How I Learn English with AI
Note: This article was translated from Chinese to English using Gemini 2.0 Pro.
Stage One: Saving Prompts in Memos
During this stage, I would interact with AI based on my needs, whether it was correcting my grammar, providing example sentences, or doing scene simulations. If I felt the result was good, I would directly ask it to output a Prompt so I could enter that state directly next time. Later, the three mainstream AI apps—ChatGPT, Claude, and Gemini—launched conversation collection features. This made it very convenient to collect previous practice conversations and quickly find the corresponding practice at the top of the list. Clicking in allowed me to start practicing immediately, which was slightly more convenient than saving Prompts in memos. Up to this point, this method could already achieve reading and writing practice, but there was no way to do more complex things.

Stage Two: Using Skills
On October 16, 2025, Anthropic released Agent Skills. I could use the Agent Skills framework to turn my main needs into Skills and then use Claude Code to start practicing conveniently without needing to find the corresponding Prompt or go back to the corresponding conversation. I could start any practice I wanted anytime, anywhere. With one instruction, Claude Code understood which Skill I wanted to use.
At the same time, because Claude Code can read and write local files, using Skills allowed me to write my practice records into local files. I usually use Obsidian as my note-taking software, so my approach was to let Claude Code directly read and write my Obsidian local directory to record practices, including errors and newly learned example sentences and phrases.
Later, the Claude App Mac client and iOS client also launched the feature to call Skills. At this point, I could directly use the Claude App to call pre-written Skills. However, there was a problem: the iOS client cannot read and write local files, so if I wanted to record my learning content, I could only do it through the Mac client.

Stage Three: Using OpenClaw / Hermes Agent
Using OpenClaw, I can talk directly to my AI Agent through Telegram on any platform (including mobile and computer).
My home NAS is a Linux host, and I installed OpenClaw directly on it. Of course, it has now been replaced by Hermes Agent. Since OpenClaw was developed using Vibe Coding, as the scale grew, its instability also increased, and its GitHub home page already has over 3,000 PRs. I think this has exceeded the limit of human programmer management, so I chose Hermes Agent, which is a more reliable server-side AI Agent similar to OpenClaw. I configured it directly with the Skills I had written before. This way, I can find it to practice anytime, anywhere, and it can save practice records in the server-side Obsidian directory.
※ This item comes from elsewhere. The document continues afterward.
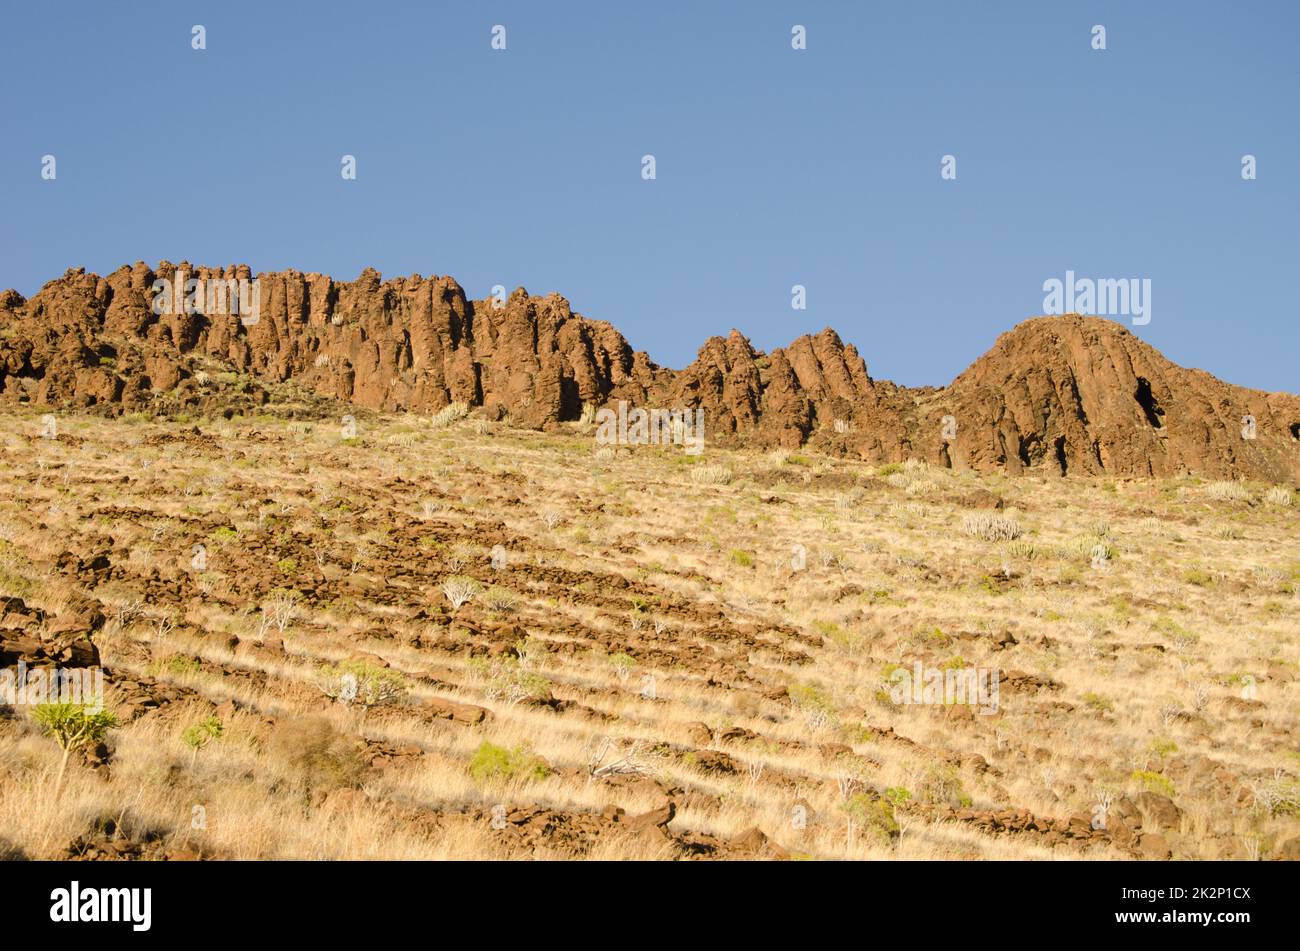 Acantilado rocoso en una ladera. Foto de stock

How are the server-side Obsidian and my own Obsidian synchronized? I use Syncthing to synchronize the Obsidian directories on my Mac, Windows, and Android tablet with the server-side Obsidian directory, and then synchronize the Mac Obsidian directory with my iPhone Obsidian directory via iCloud.
Fine-tuning the Skills can also be easily achieved on Hermes Agent directly through conversation.
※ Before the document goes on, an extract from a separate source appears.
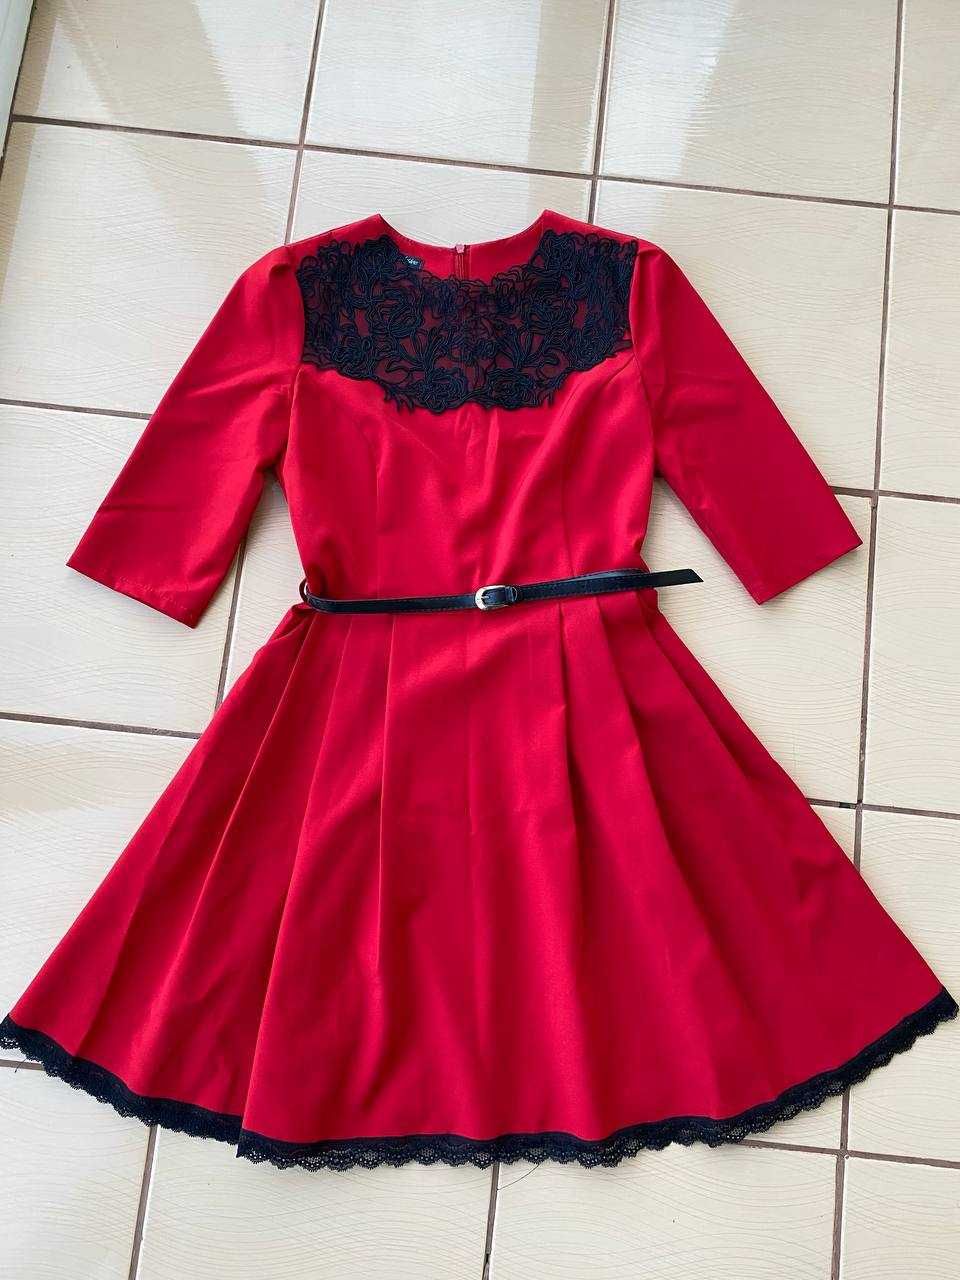 Червоне плаття. Розмір М/L.

Additionally, I configured it with Soniox’s STT (Speech-to-Text), as well as Gemini 2.5 Flash TTS and Mimo 2.5 TTS for Text-to-Speech, and set a Prompt to have it use an Australian accent. Since both TTS are based on large models, I can attach Prompts to have them use an Australian accent. This allows me to practice listening and speaking at the same time, not just reading and writing in text.
Furthermore, in Hermes Agent, I can not only use Skills to define how to learn but also set more general rules directly. For example, I set a rule that whenever I speak English to it, it first corrects my grammar, then provides an idiomatic Australian expression, then answers my question, and finally reads the reply using an Australian-accented voice. In this way, I can comprehensively improve my English listening, speaking, reading, and writing skills during the communication process.